Subpart D. E-commerce transactions
  1. Limit processing to PCI DSS compliant third-party providers.
  2. Ensure payment card data is not stored on campus servers or networks without approval by the chief information officer.
  3. Comply with System and campus User ID and Password requirements.
  4. Use only systems and technologies meeting all required security protocols.
  5. Conduct quarterly vulnerability scans as may be required and implement remediation efforts on a timely basis.

Subpart E. Acquiring bank chargebacks and sales draft transactions

  1. Identify responsible office on campus for control of timely and accurate response to requests for information in support of a questioned or disputed transaction
  2. Responsible office will coordinate timely and complete response.
  3. Maintain duplicate support material, including clear documentation of submission data.
  4. Ensure secure storage of support material (if cardholder data is included), followed by secure destruction upon resolution of sales draft / chargeback transaction.
Part 7. Adopt Data Security measures.
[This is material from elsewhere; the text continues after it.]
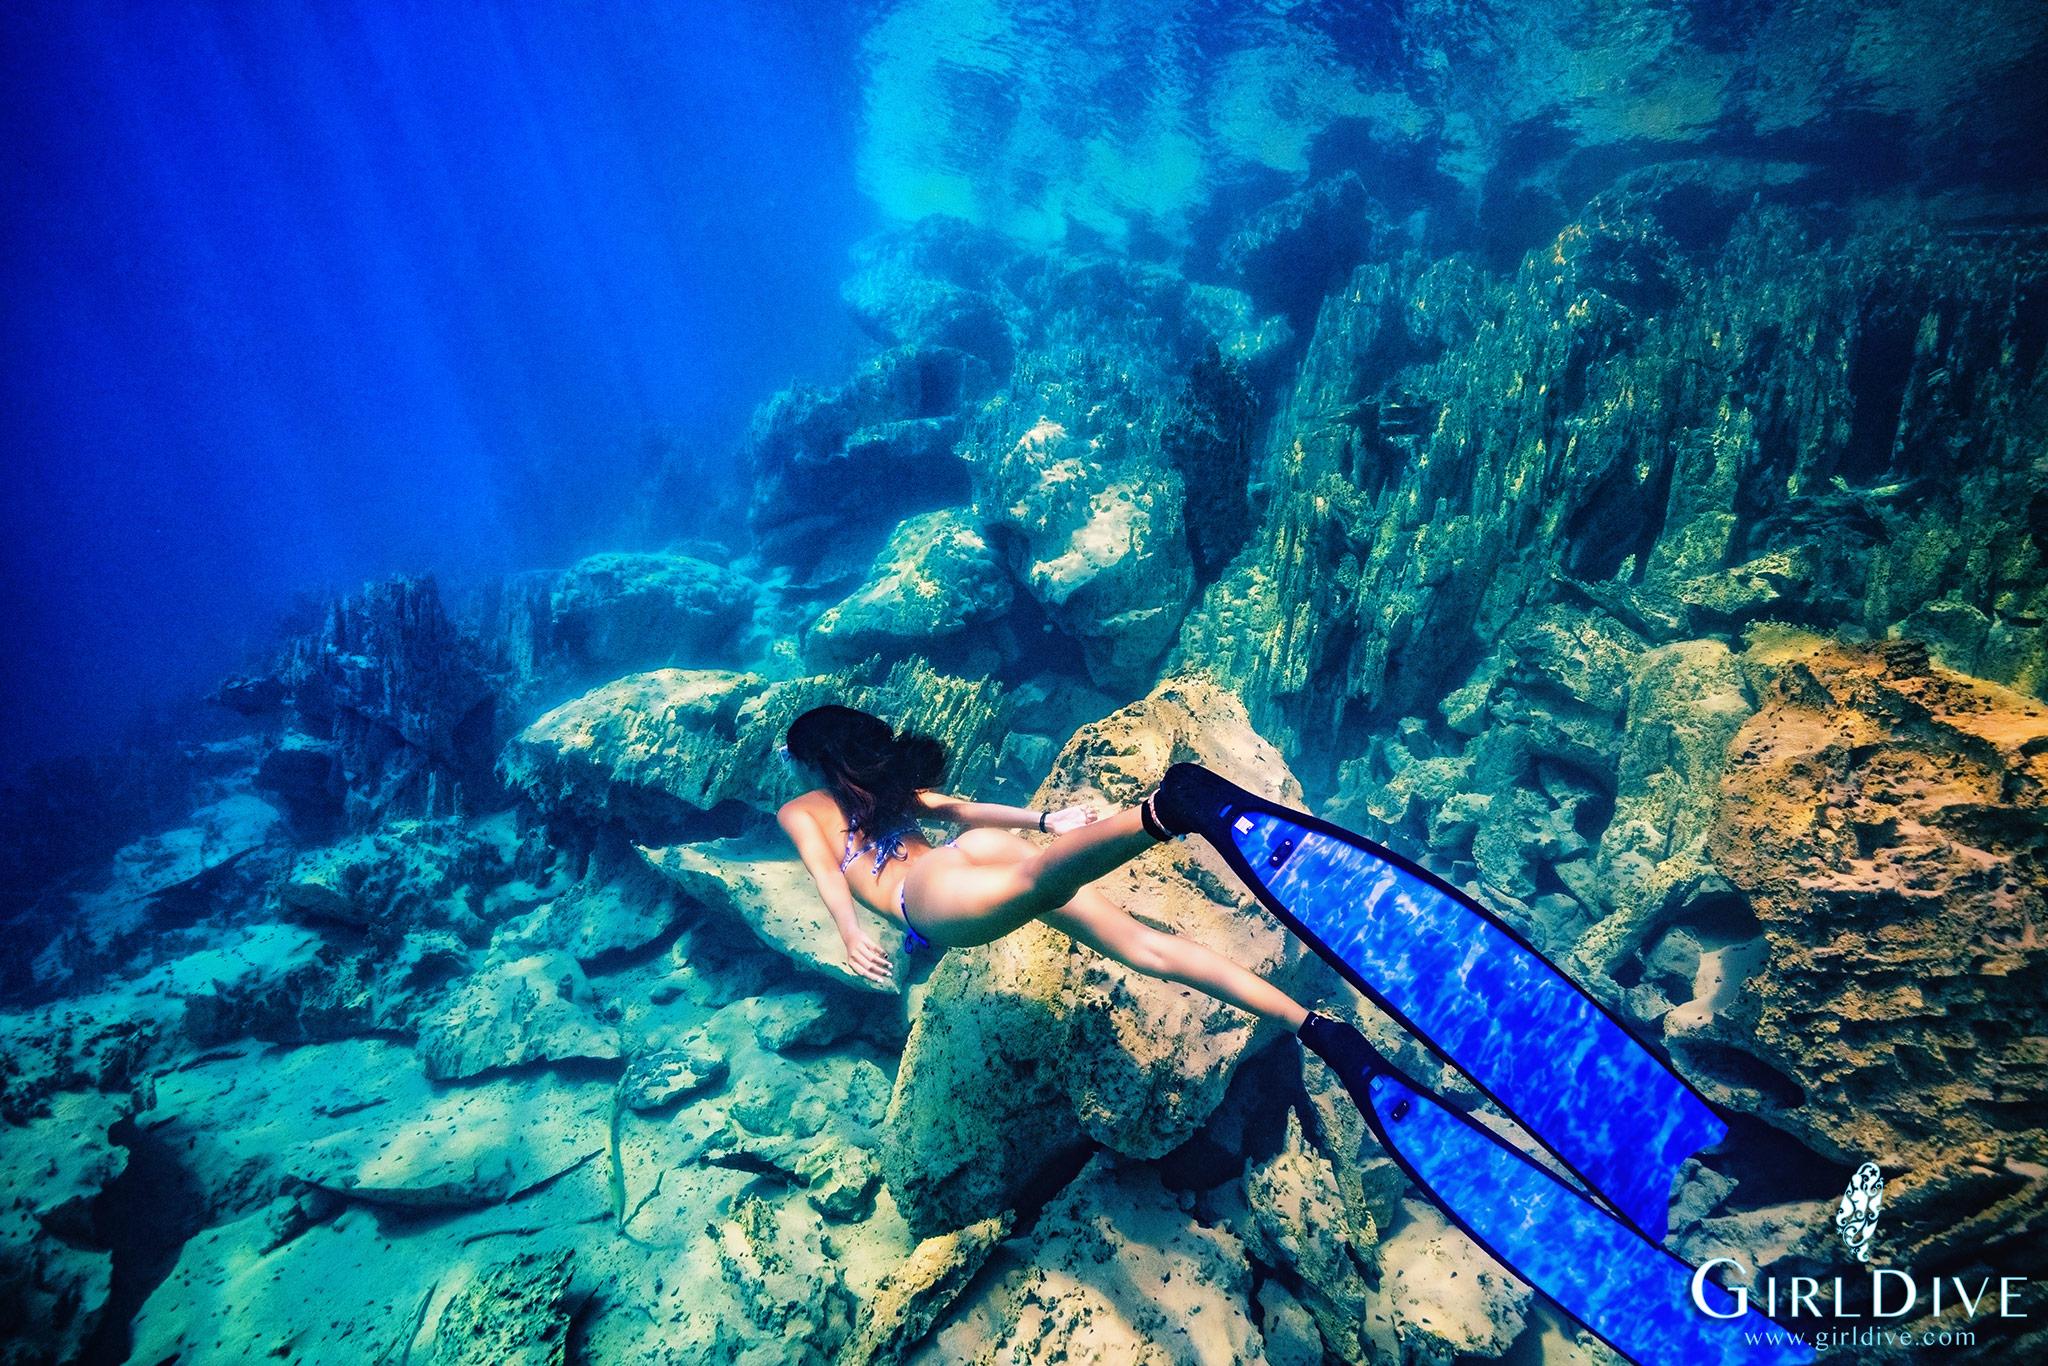 海外潛旅,自由潛水,旅遊,度假,水中攝影

Each college and university must adapt physical and IT security measures sufficient to satisfy payment card processing requirement contained within PCI DSS. Board Policy 5.23 Security and Privacy of Information Resources and supporting guidelines and procedures represent the primary source of system information security policy. Each college and university will need to implement local policies and procedures as necessary to address additional security needs that are unique to the campus environment.

Part 8. Meet Documentation Requirements. PCI DSS imposes a self assessment compliance approach using one of several self assessment questionnaires (SAQ). The specific questionnaire is determined by the processing environment and related level of risk. System institutions are classified as [Level 2, 3 or 4] merchants by acquiring banks. Each college and university must establish a self assessment process using the appropriate SAQ. It is up to each college and university to determine the degree to which each campus merchant is responsible for this self assessment. At a minimum, each campus must document:

a) ongoing self assessment using the appropriate SAQ;
b) annual campus merchant compliance status (tied to year-end financial statement review) including accurate documentation of any compensating controls and, if applicable, a plan to achieve full compliance if current status is noncompliant;
c) campus merchant change request and update reporting (requirement to report any proposed changes in processing and proposed steps necessary to address any changes in compliance requirements - this should be approved by the campus merchant approval officer); and
d) quarterly network scans (report results and remediation steps/timeline if applicable).

Part 9. Develop an Incident Response plan. Each college and university must designate a process for reporting a breach in security to the campus merchant approval officer and the chief financial officer.

Related Documents:

Procedure History:

Date of Implementation: 08/30/10,
Date of Adoption: 08/30/10,

Date & Subject of Revisions:

There is no additional HISTORY for at this time.